I'm in the airport getting set to jet off to
London Calling - already spotted a kindred spirit at Logan doing the same, but I could be easily be going somewhere else - or staying home. There are three major 'omics conferences this week, all in incompatible geographies and overlapping. Then there is a major vendor announcement day - also in London and perhaps about nanopores and conflicting. There's also a pub meetup in London that thankfully doesn't Back in Boston, there's also two free NGS vendor events I might have gone to. Not only can't I attend them all, I can't attend most - and it will be impossible to monitor Twitter in real time much of the time.
Business travel is always a two-sided coin. On the one hand I enjoy seeing new sights and revisiting other favorites. I've been lucky that I've fit some sort of fun into just about every business trip I've taken, even if it's meant riding a nearly empty cable car to a deserted Fisherman's Wharf. Two exceptions were both day trips, but how I couldn't sneak in excitement at Monmouth Junction New Jersey or East Haven Connecticut won't exactly haunt me. But I'm also torn about travel: home is where the dog is. Also the spouse and F1.
Conferences are also an exhausting rush; London Calling isn't as bad as AGBT in this regard as it is shorter, there's only a late evening one night and there's not afterparties or European friends defeating your well intentioned plans to sleep by bringing a bottle of port and fine Dutch chocolates. But it's always intense trying to catch talks, make meetings, visit demonstrations and booths, catch up with friends you only see at a specific meeting and take notes to share with colleagues and have a shot at writing something coherent for this space. I'm not complaining - I could always quit, but I won't anytime soon. This year London Calling is three days of talks instead of the usual two, so a bit more of the thrilling grind.
And of course,
at least for the next several weeks, there's my current day job to attend to. Conferences are great and often lead to valuable connections and information; at AGBT i even tried on a Business Development persona which seems to have yielded multiple legitimate leads four our enzyme discovery & engineering business. But in the end, the team I'm on plus myself would like to see progress on the projects I've taken on, and I'm many solar orbits past the age where I can conference all day and code all night.
This year London is also featuring a
Diagnostics Day from Roche on Wednesday. There have been persistent rumors that Roche will finally, over a decade since acquiring Genia and four years after acquiring Stratos, announce a nanopore sequencing platform. Or maybe not. But counterprogramming that against London Calling is downright annoying!
If you are in London for either event, the folks at
Plasmidosaurus have announced
a pub night on Thursday at The Court. It's over near University College London, which isn't very close to Old Billingsgate where London Calling is, but it appears to be a simple tube ride around the Circle Line.

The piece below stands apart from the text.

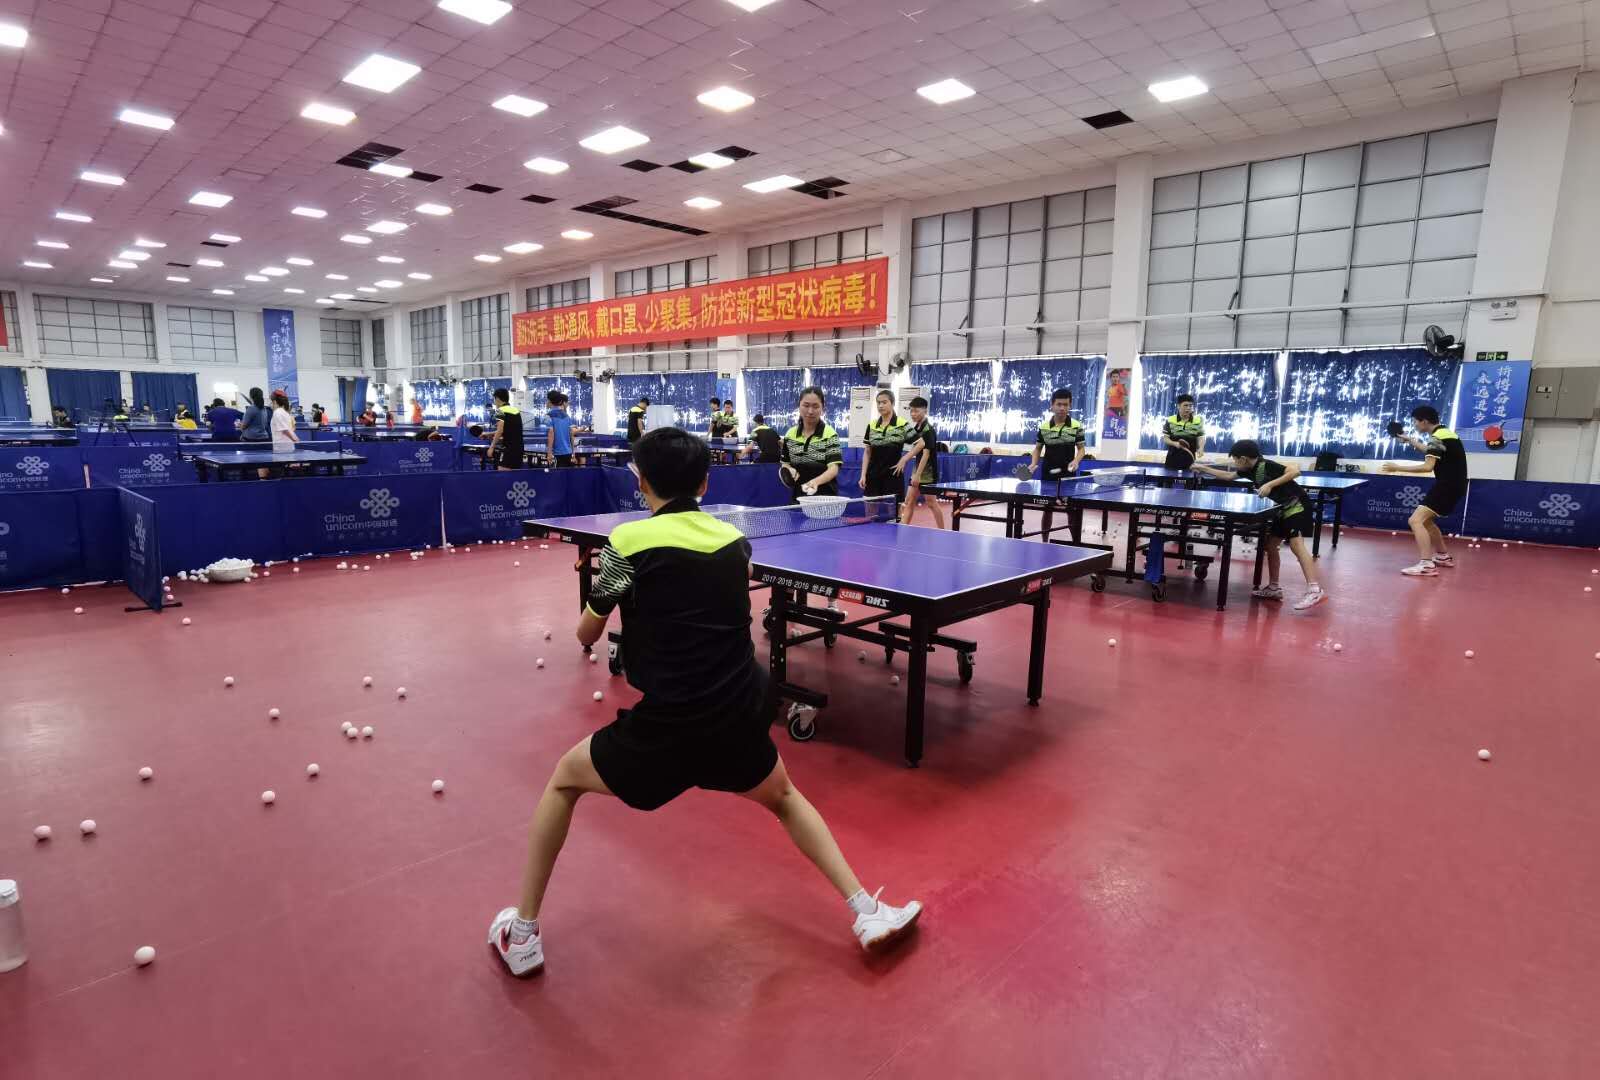 重庆市气象局乒乓球协会组织开展2019年冬季乒乓球比赛和斯诺克台球比赛
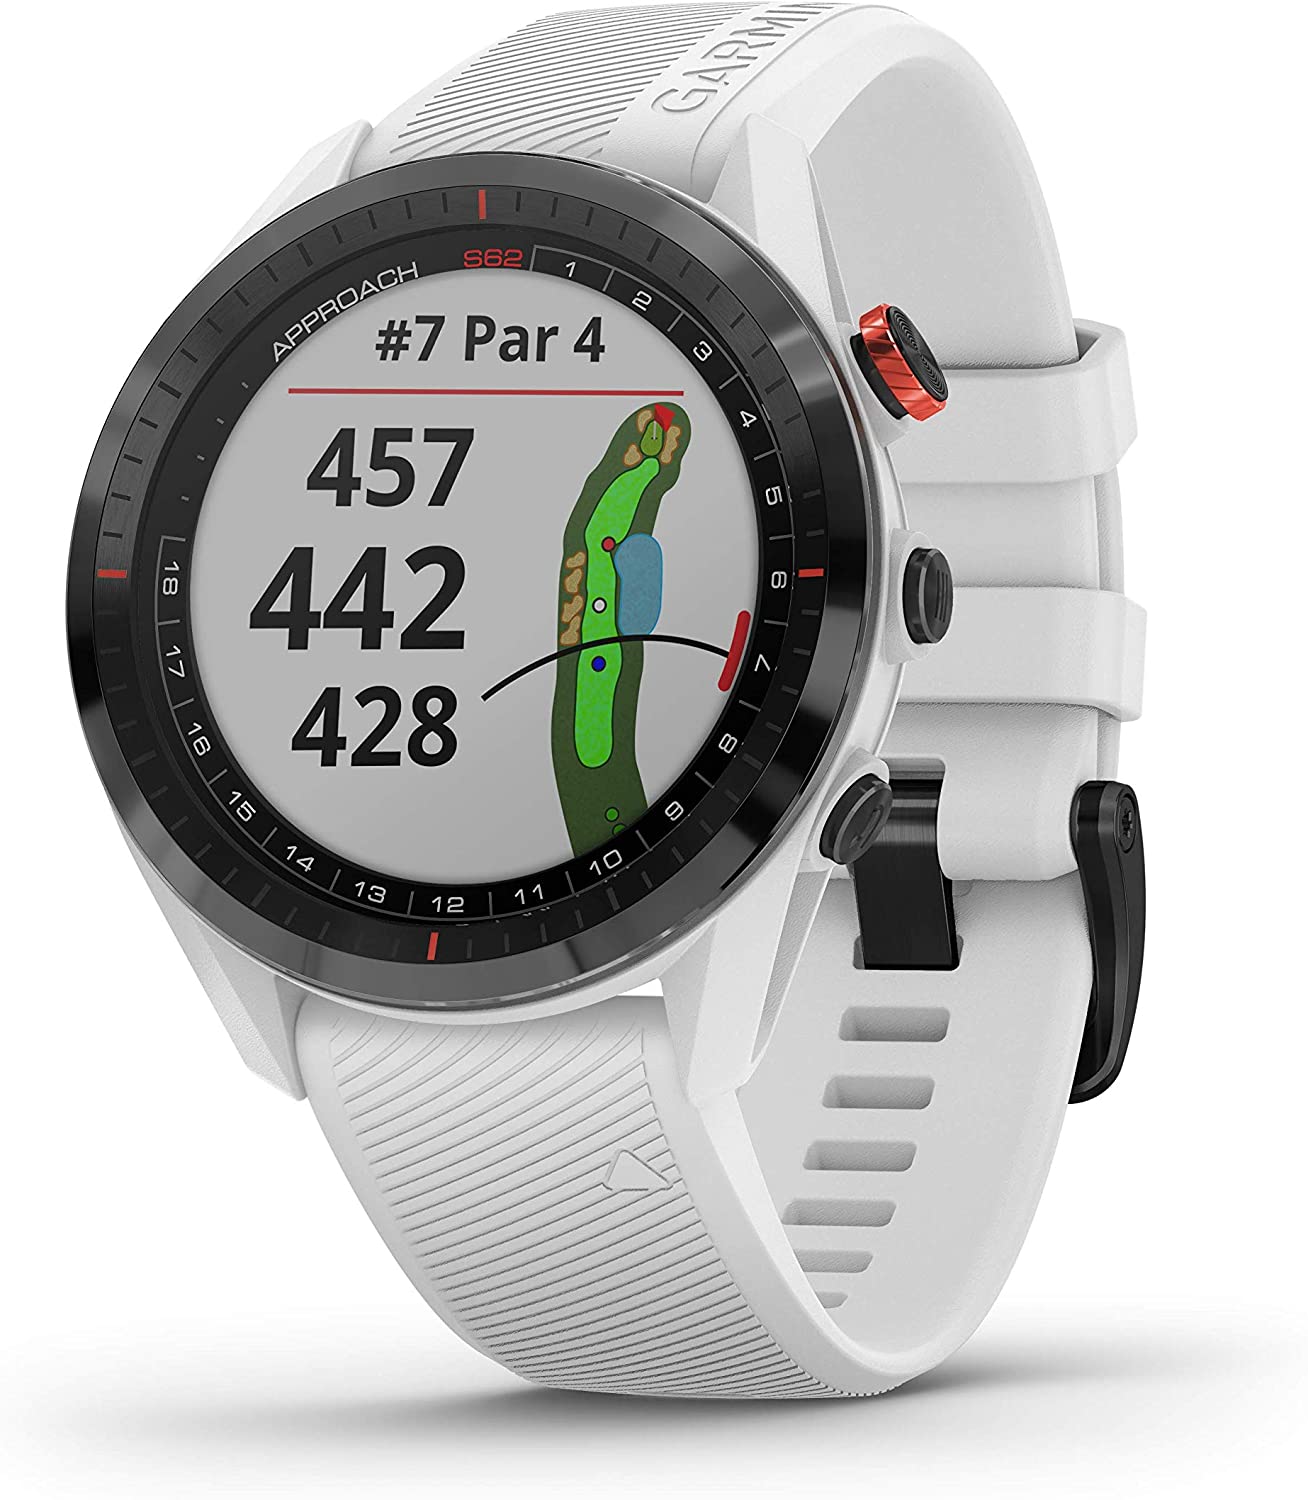 Approach S62 Premium Golf GPS Watch

There's a list of conferences I'd like to attend but the timing never works; the Biology of Genomes has been "I'll go next year" for two decades.
SFAF is higher on the list, given the location - I love the American West scenery and Santa Fe can be such a great launchpad for so many interesting adventures - plus it sounds like a great conference. SFAF has a reputation for taking on more of the early stage commercialization technologies that don't have a strong home at AGBT anymore. Last year it was bumped for the practical concerns of a college graduation, moving the F1 back home and a celebratory trip. Now it's in conflict with London Calling and put off for another year.
If I'd stayed in Boston, I might have thought about catching
NextFlow Summit. Understanding workflow languages is becoming critical in bioinformatics (don't ask if I've followed that advice), and NextFlow is one of the leaders.
Back home, PacBio has the Boston edition of their PRISM
Boston edition of their PRISM series -- I caught it two years ago and the talks were very good, but last year some schedule conflict of another caught me. Complete Genomics is having a
grand opening celebration at their new "Customer Experience Center" in Framingham, the biomedically
biomedically immortal Boston suburb. I won't begin to claim I've checked other geographies; I did see a Nanostring event in central Europe going on this week also.
So I'm off to Gatwick in under an hour. It horrified my British colleague I mentioned this to - Heathrow does have cachet plus often great views of Windsor Castle on approach - but I pointed out she's the one who got me hooked on picking up delectables at Borough Market, and if you get off the train from Gatwick one stop early at London Bridge the market is almost under the station. I'll get there just around the time it opens - and it's a quite reasonable walk to my hotel near The Tower of London from there. JetBlue made it even easier last year by sending my bag to Heathrow and then delivering it, but I can't count on such service on a regular basis!
Going to London Calling or the pub outing? Look for my hat celebrating the birthplace of Taq polymerase and please do say hi!